• _What is being asked_
Output, exactly and in full, only the lines from the one containing "楼梯贴墙布腰线效果图图片" to the last line of the data. Pictures should not appear.

--- Source material ---

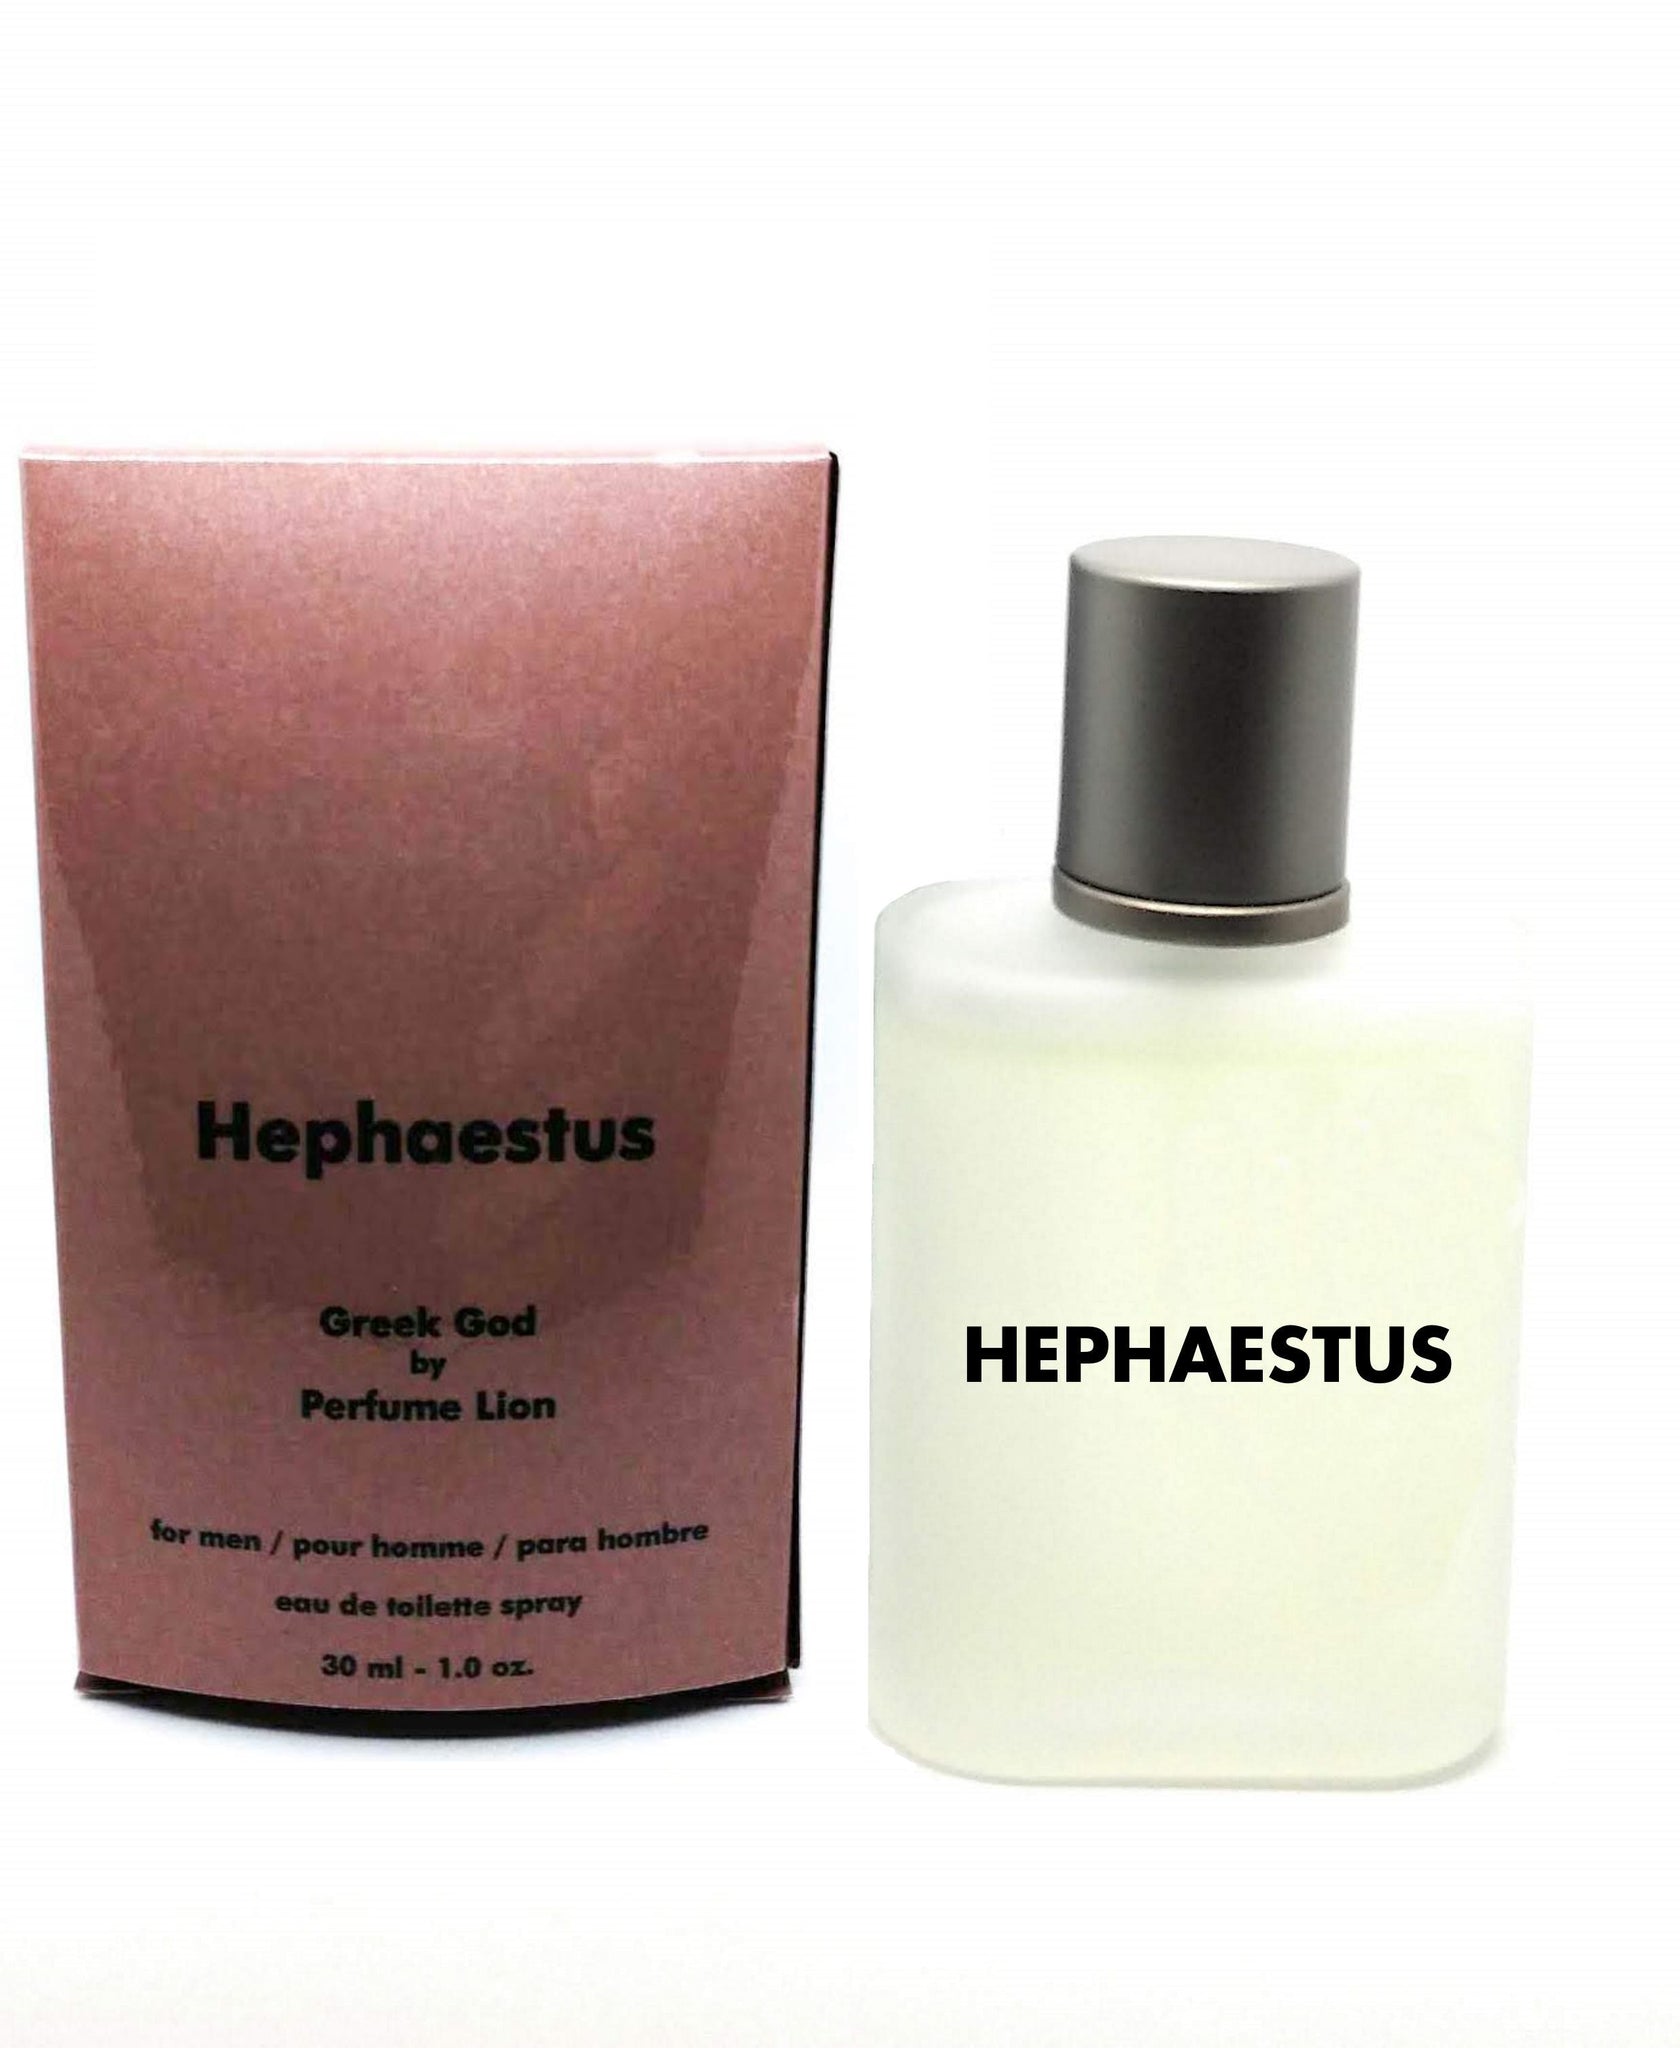 Hephaestus Perfume
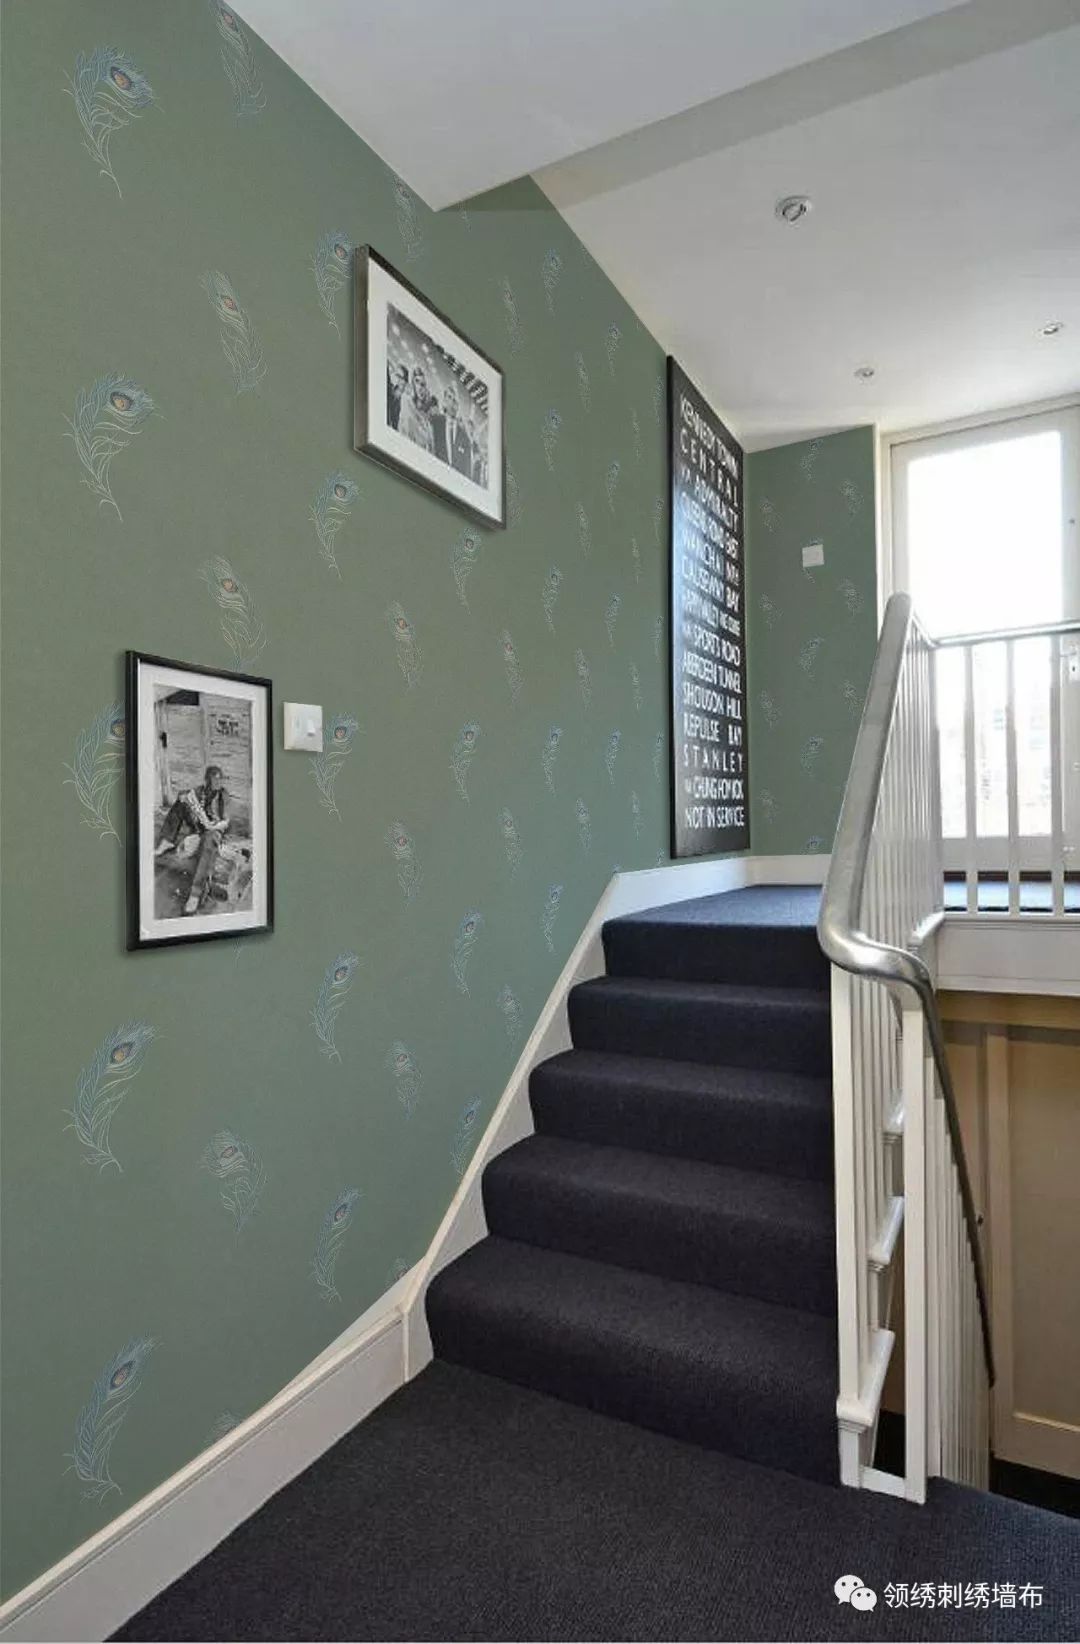 楼梯贴墙布腰线效果图图片
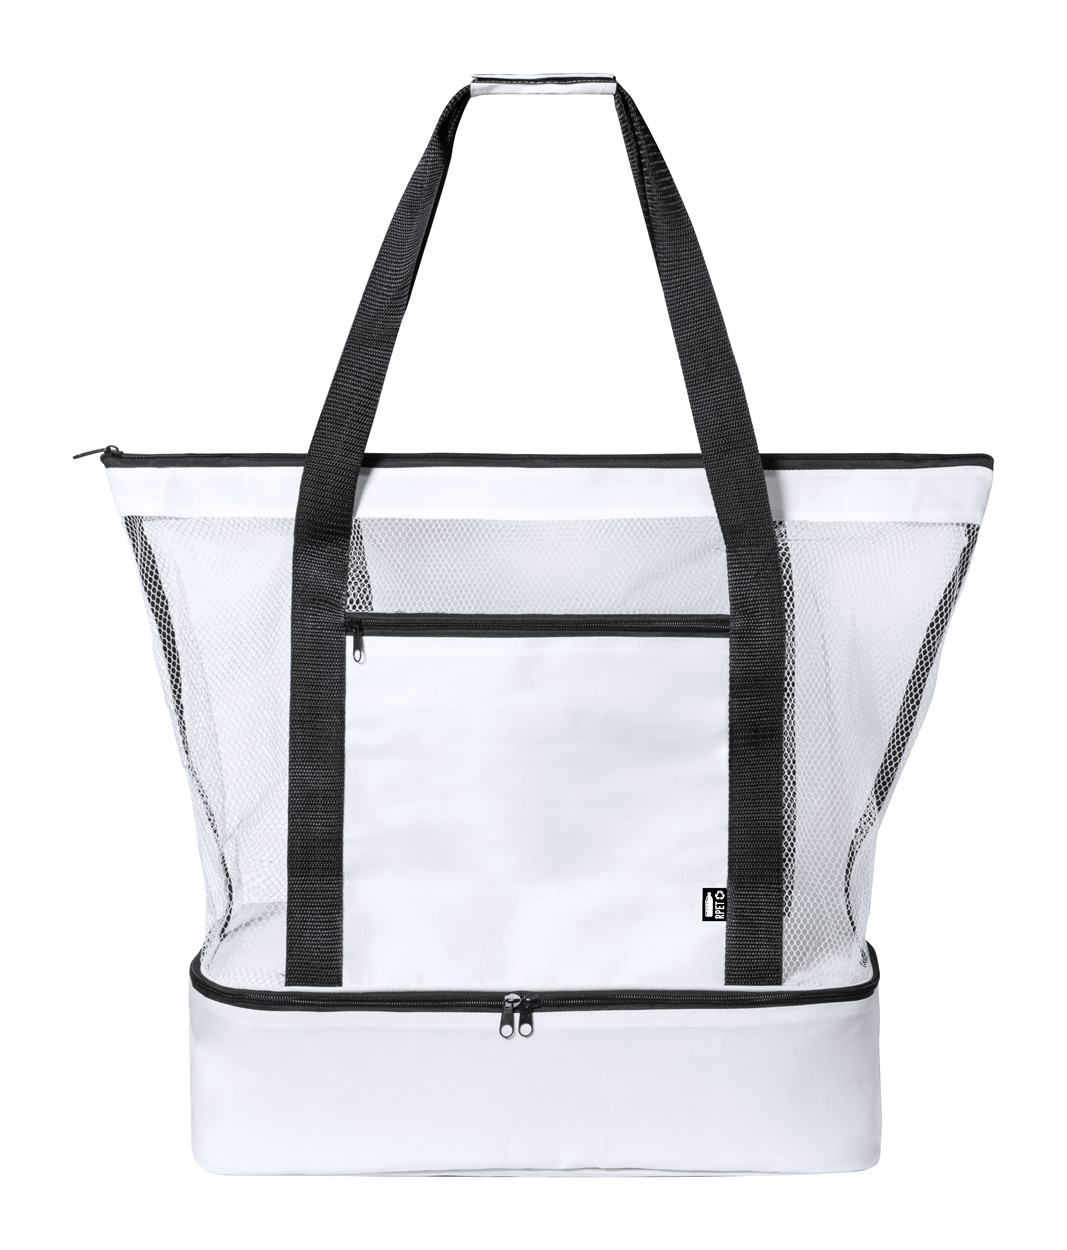 Pattel RPET Cooler Shopping Bag - white

---

• _Answer to this exercise_
 楼梯贴墙布腰线效果图图片
 Pattel RPET Cooler Shopping Bag - white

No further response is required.